[WHAT THE TASK ASKS]:
Each line of data below must be printed exactly as written, with any pictures removed.

[INPUT DATA]:
BEGIN
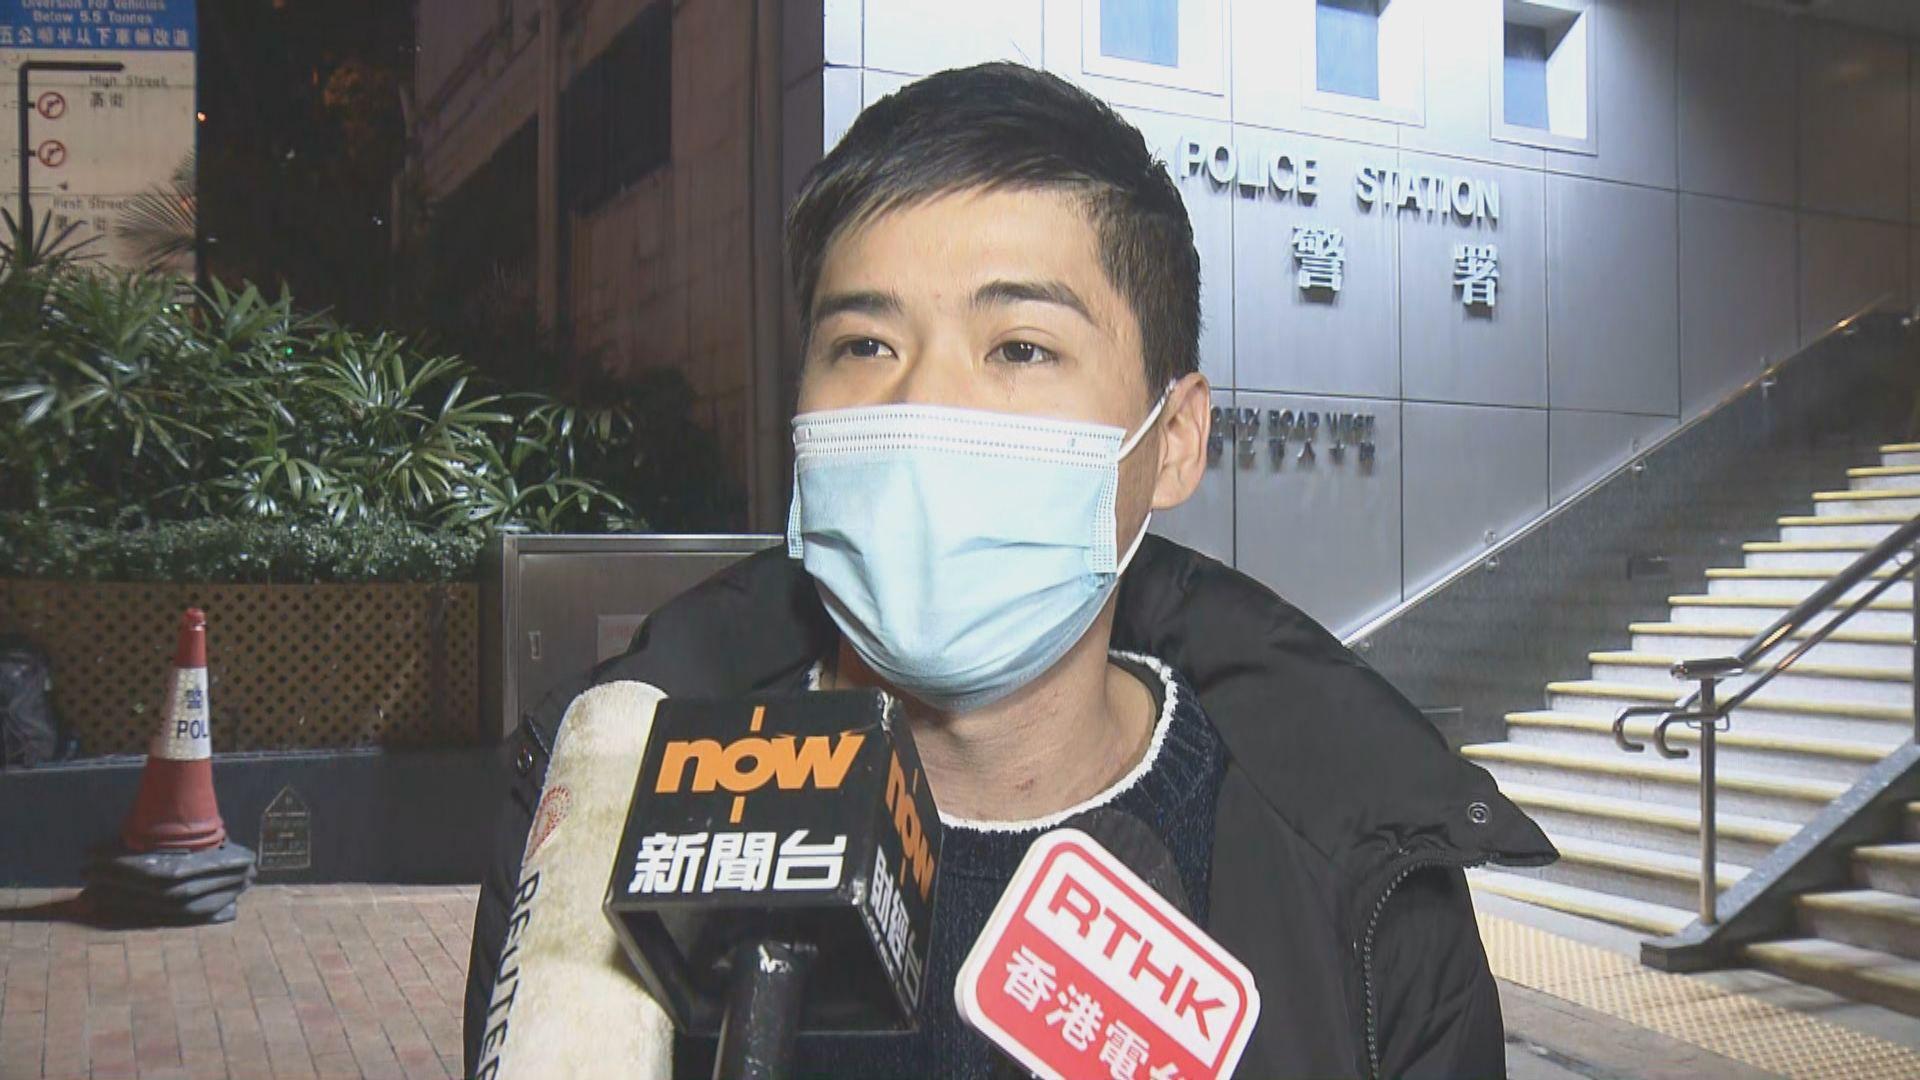 岑敖暉獲准保釋 指政府將反對派參選等同顛覆國家政權說法荒謬
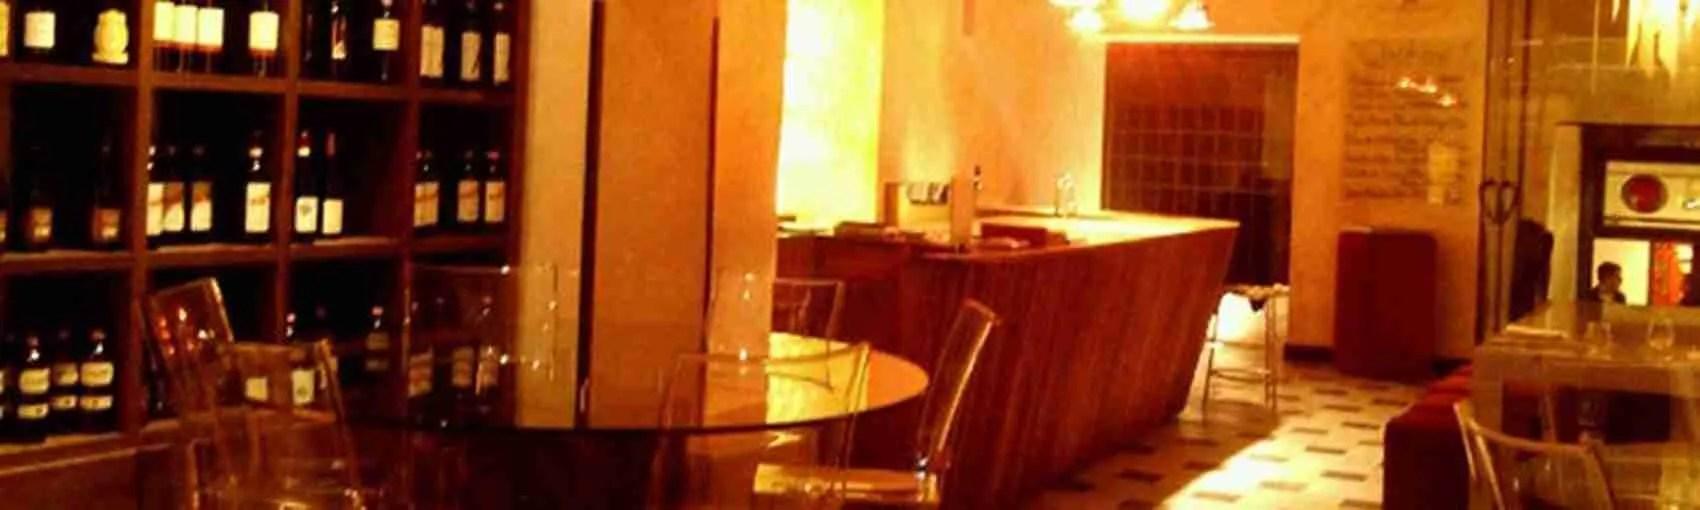 Per una cena perfetta in compagnia di una escort a Genova scegli il Ristorante Ippogrifo.
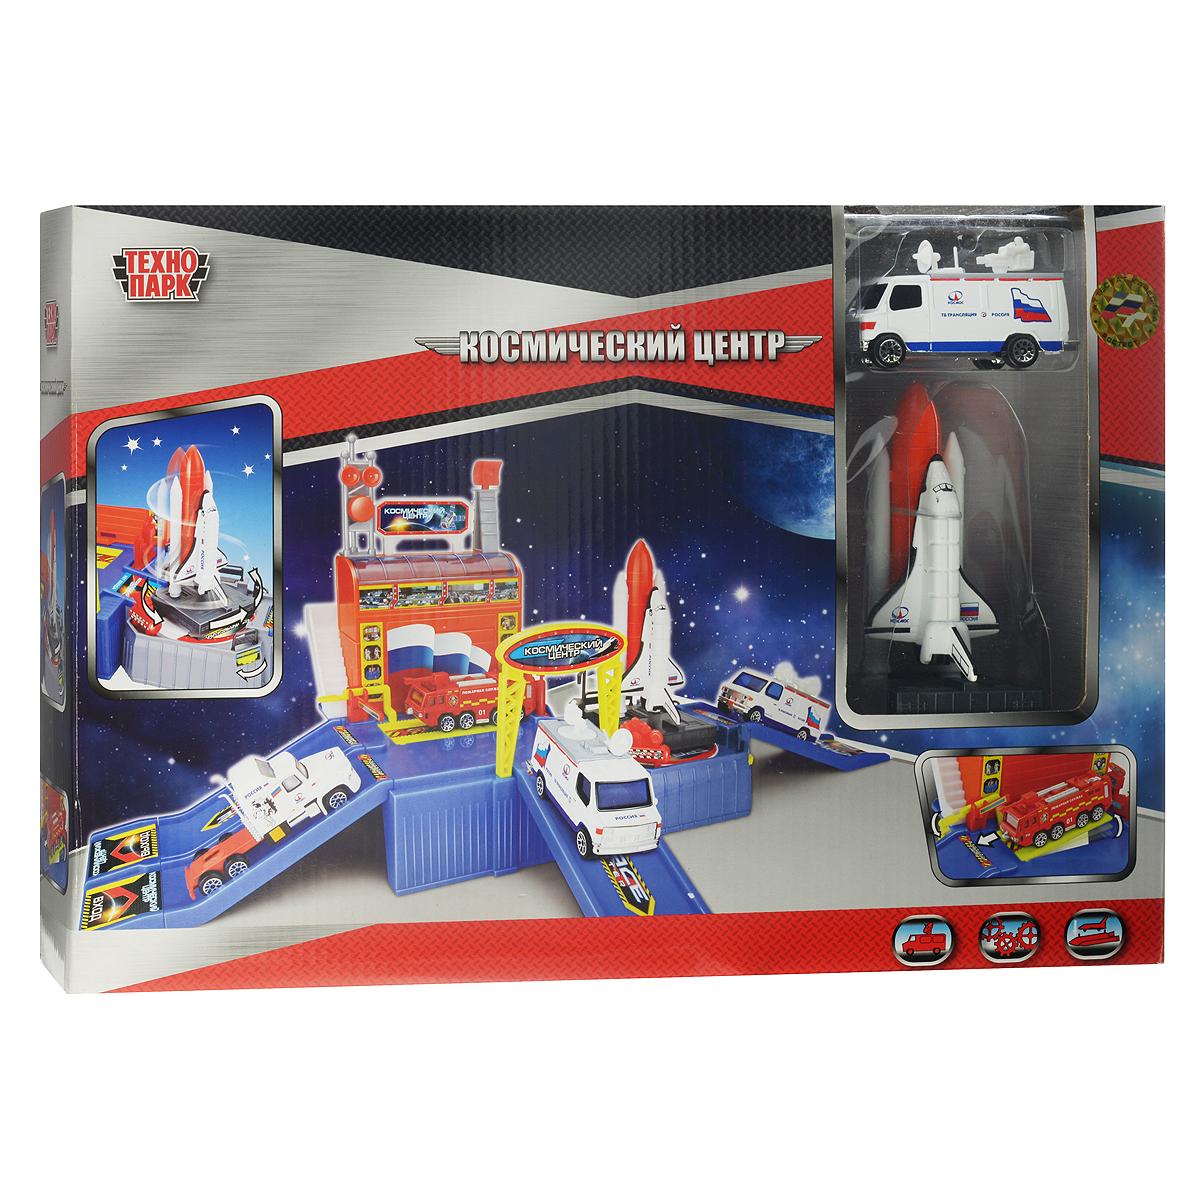 Игровой набор Технопарк Космический центр. 2854328543Игровой набор Технопарк Космический центр приятно порадует любого юного любителя космонавтики. Набор включает пластиковое здание космического центра с подвижными элементами, шаттл и машинку. Корпусы машинок выполнены из металла с элементами из пластика; колеса крутятся. Космический центр имеет три съезда; установка с шаттлом вращается. Теперь у вас дома появится настоящий космический полигон! Ваш ребенок с радостью будет играть с этим удивительным набором, придумывая различные захватывающие сюжеты. Порадуйте своего малыша таким замечательным подарком!
END
[TASK OUTPUT]:
 岑敖暉獲准保釋 指政府將反對派參選等同顛覆國家政權說法荒謬
 Per una cena perfetta in compagnia di una escort a Genova scegli il Ristorante Ippogrifo.
 Игровой набор Технопарк Космический центр. 2854328543Игровой набор Технопарк Космический центр приятно порадует любого юного любителя космонавтики. Набор включает пластиковое здание космического центра с подвижными элементами, шаттл и машинку. Корпусы машинок выполнены из металла с элементами из пластика; колеса крутятся. Космический центр имеет три съезда; установка с шаттлом вращается. Теперь у вас дома появится настоящий космический полигон! Ваш ребенок с радостью будет играть с этим удивительным набором, придумывая различные захватывающие сюжеты. Порадуйте своего малыша таким замечательным подарком!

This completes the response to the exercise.